- Poster
- Directed by: Prakash Jha
- Written by: Shaiwal
- Produced by: Prakash Jha
- Starring: Annu Kapoor Sreela Majumdar Manohar Singh Deepti Naval Ranjan Kamath Pyare Mohan Sahay
- Cinematography: Rajen Kothari
- Music by: Raghunath Seth
- Release date: 31 December 1984;
- Running time: 106 min
- Country: India
- Language: Hindi
- Budget: ₹12 lakh (US$14,000)

= Damul =

1985 Indian film by Prakash Jha

Damul (Bonded until Death) is a 1985 Indian Hindi-language film directed by Prakash Jha, based on the story Kaalsootra, by Shaiwal, a native of Gaya district of Bihar, starring Annu Kapoor, Sreela Majumdar, Manohar Singh, Deepti Naval, Ranjan Kamath and Pyare Mohan Sahay in lead roles.

==Plot==
The story is about a bonded labourer who is forced to steal for his landlord, to whom he is bonded until death.

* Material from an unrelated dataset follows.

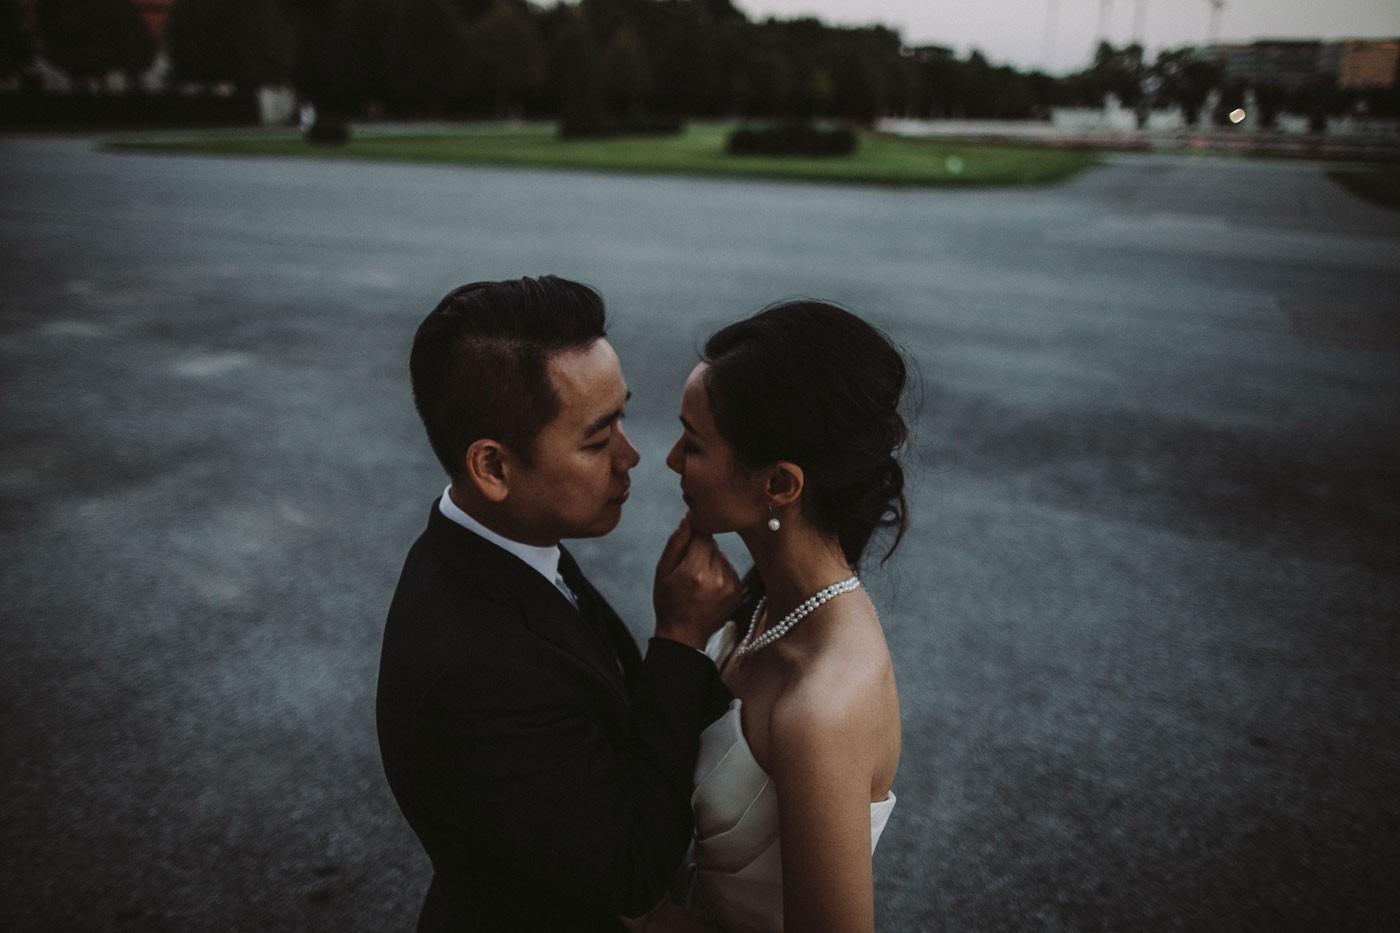 Chuyên gia Mỹ chia sẻ những điều xương máu hậu ly hôn: Qua rồi cái thời 'giữ lửa hôn nhân' là việc riêng của phụ nữ! - Ảnh 2

Set in rural Bihar of 1984, the film focuses on the caste politics and the oppression of the lower castes in the region, through bonded labour. The film also highlights the issue of heavy migration of the poor villagers of Bihar to richer states like Punjab in search of livelihood.

==Awards==
- 1984: National Film Award for Best Feature Film
- 1985: Filmfare Critics Award for Best Movie

==International acclaim==
Damul was invited for both the competition and participation sections at the Montreal, Chicago and Moscow film festivals.